Hyperglycosylated HCG – it is one of the fractions of human chorionic gonadotropin, which accounts for about 3% of all molecules of HCG. Hyperglycolysis HCG is a product of cells of cytotrophoblast and can be determined in blood and urine of a pregnant. The popularity of this substance as a biochemical marker of blood is low, however, some authors propose to use the serum as a screening test for Down syndrome. Definition of hyperglycosylated HCG in the mother's blood allows us to identify 60% of cases with Down syndrome, which is comparable with the efficiency of standard triple test.

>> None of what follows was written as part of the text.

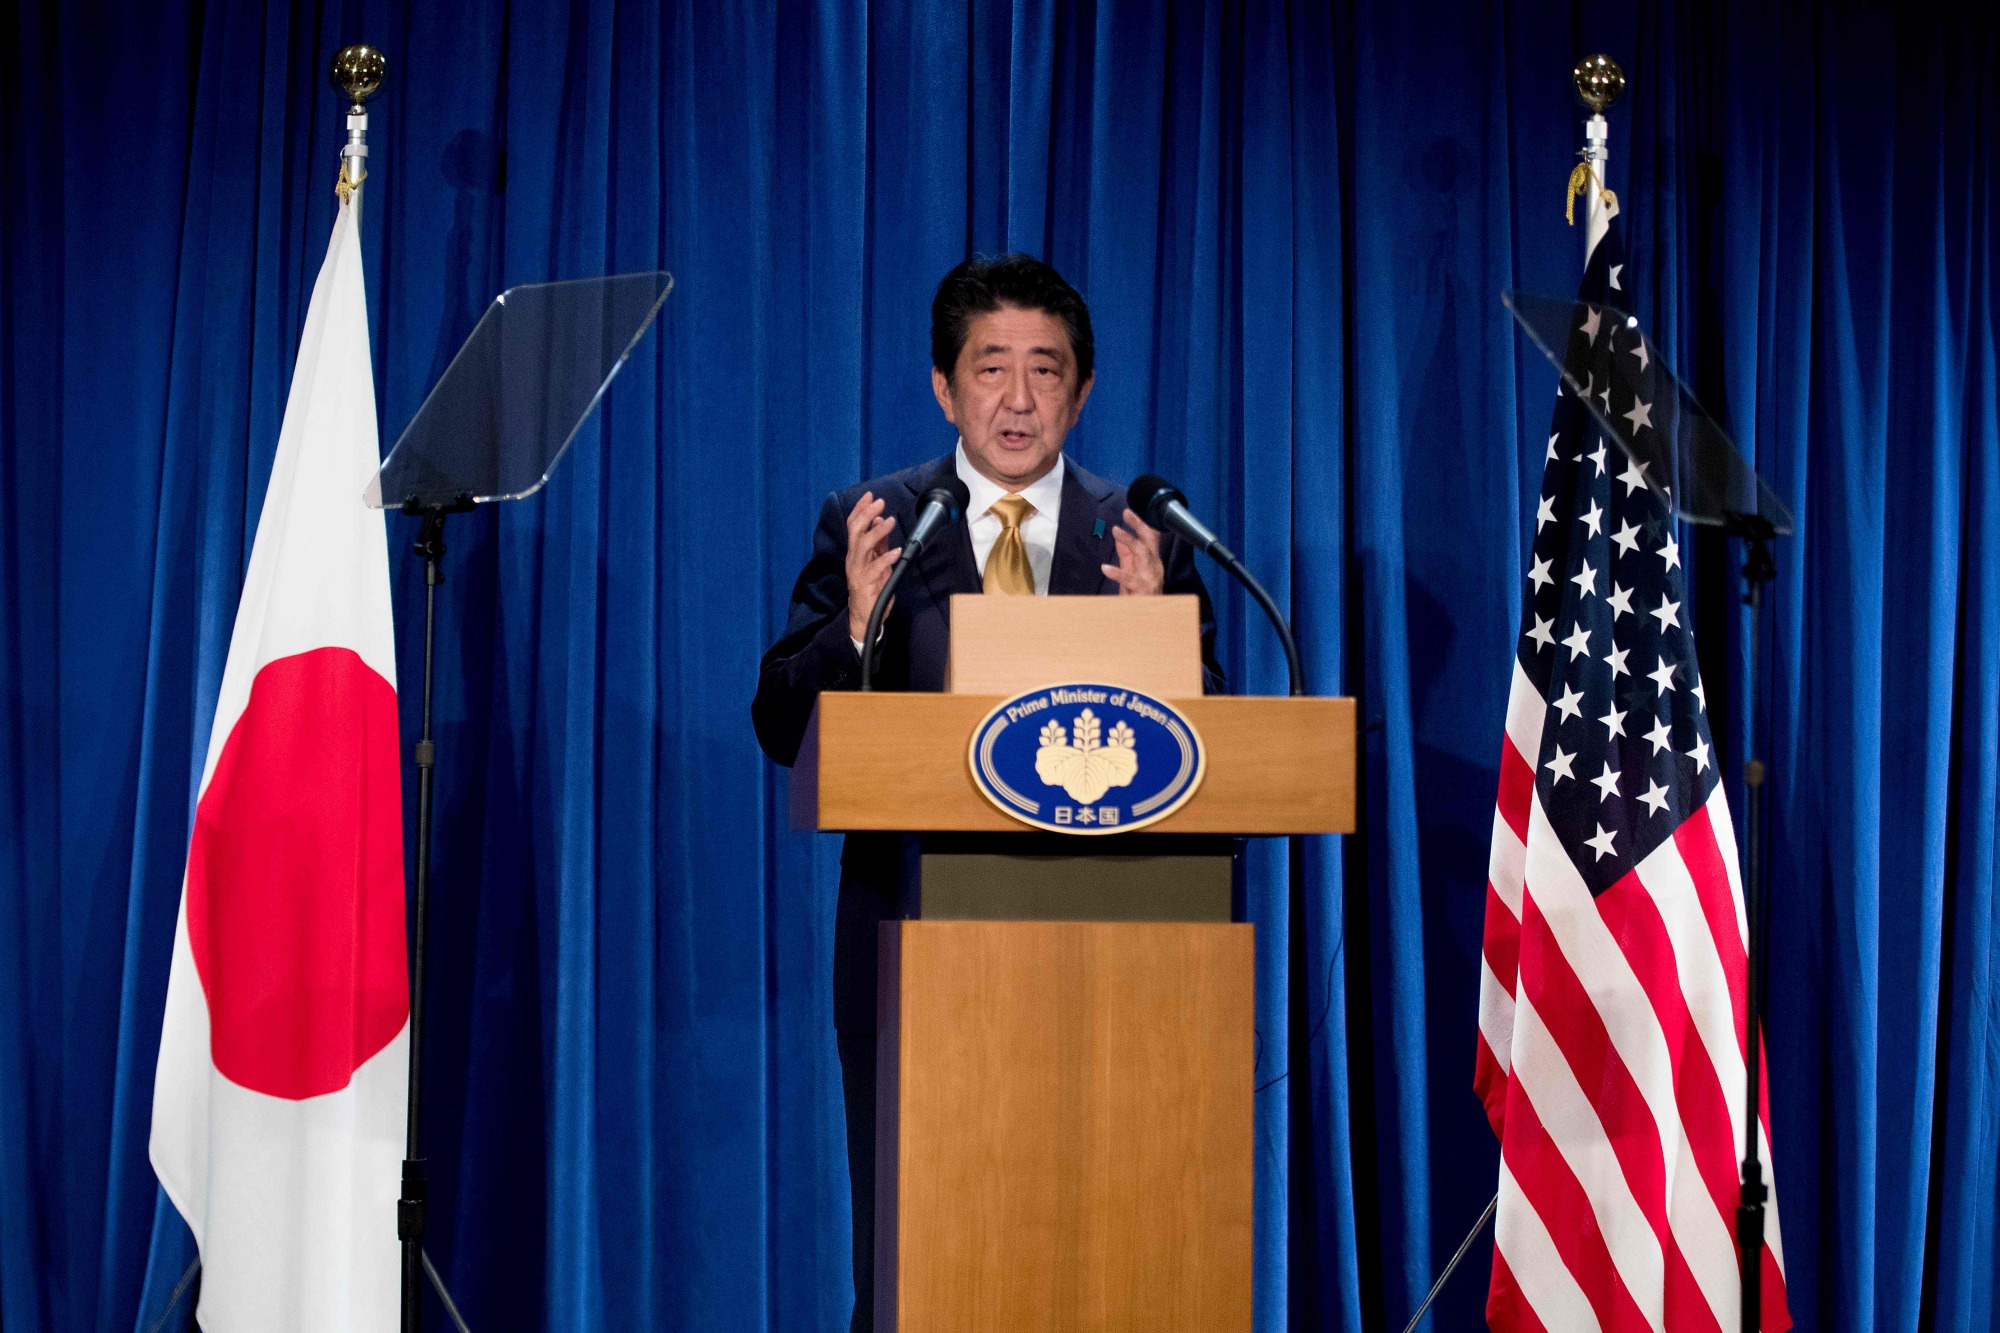 Prime Minister Shinzo Abe speaks during a news conference on the sidelines of the U.N. General Assembly in New York on Wednesday. | AFP-JIJI

MARKERS OF A FETUS’ CHROMOSOMAL PATHOLOGY

1. Nuchal skin fold thickness (NFT) - is the maximum value echo negative section between fetal skin and the soft tissue surrounding the cervical spine. Nuchal thickness is measured on an axial section through the head and the level of the thalami, cavum septi pellucidum, and cerebellar hemispheres (i. e. in the same plane that is used to assess posterior fossa structures). Its increase to 3 mm or more is associated with a sharp increase in the frequency of chromosomal abnormalities in the fetus. According to the multicenter study, which involved 17 centers of prenatal diagnostics USA, Italy, Spain, and other countries, the calculation of risk by the age of the patient and the thickness of the NFT zone has allowed to diagnose Down syndrome in 81. 8% of cases. NFT expansion zone can be marked for various defects, many of which are usually diagnosed only in the late stages of pregnancy. However, this echographic marker cannot be fully identified with the concept of " unpromising pregnancy", and recommend termination of pregnancy, as NFT expansion zone does not exclude the birth of healthy children. Its expansion is observed in 5% of fetuses with normal karyotype. Molecular genetic studies have shown that the basis of pathological disorders in the formation and development of the heart, major blood vessels and the lymphatic system leading to the expansion of NFT zone in fetuses with chromosomal abnormalities are genetic disorders. In most cases of congenital heart diseases expansion of NFT zone disappears by 16-18 week of gestation. Temporality of this marker is associated with a differentiated growth of the diameter of large blood vessels: diameter of the aortic isthmus increases more rapidly than the aortic valve.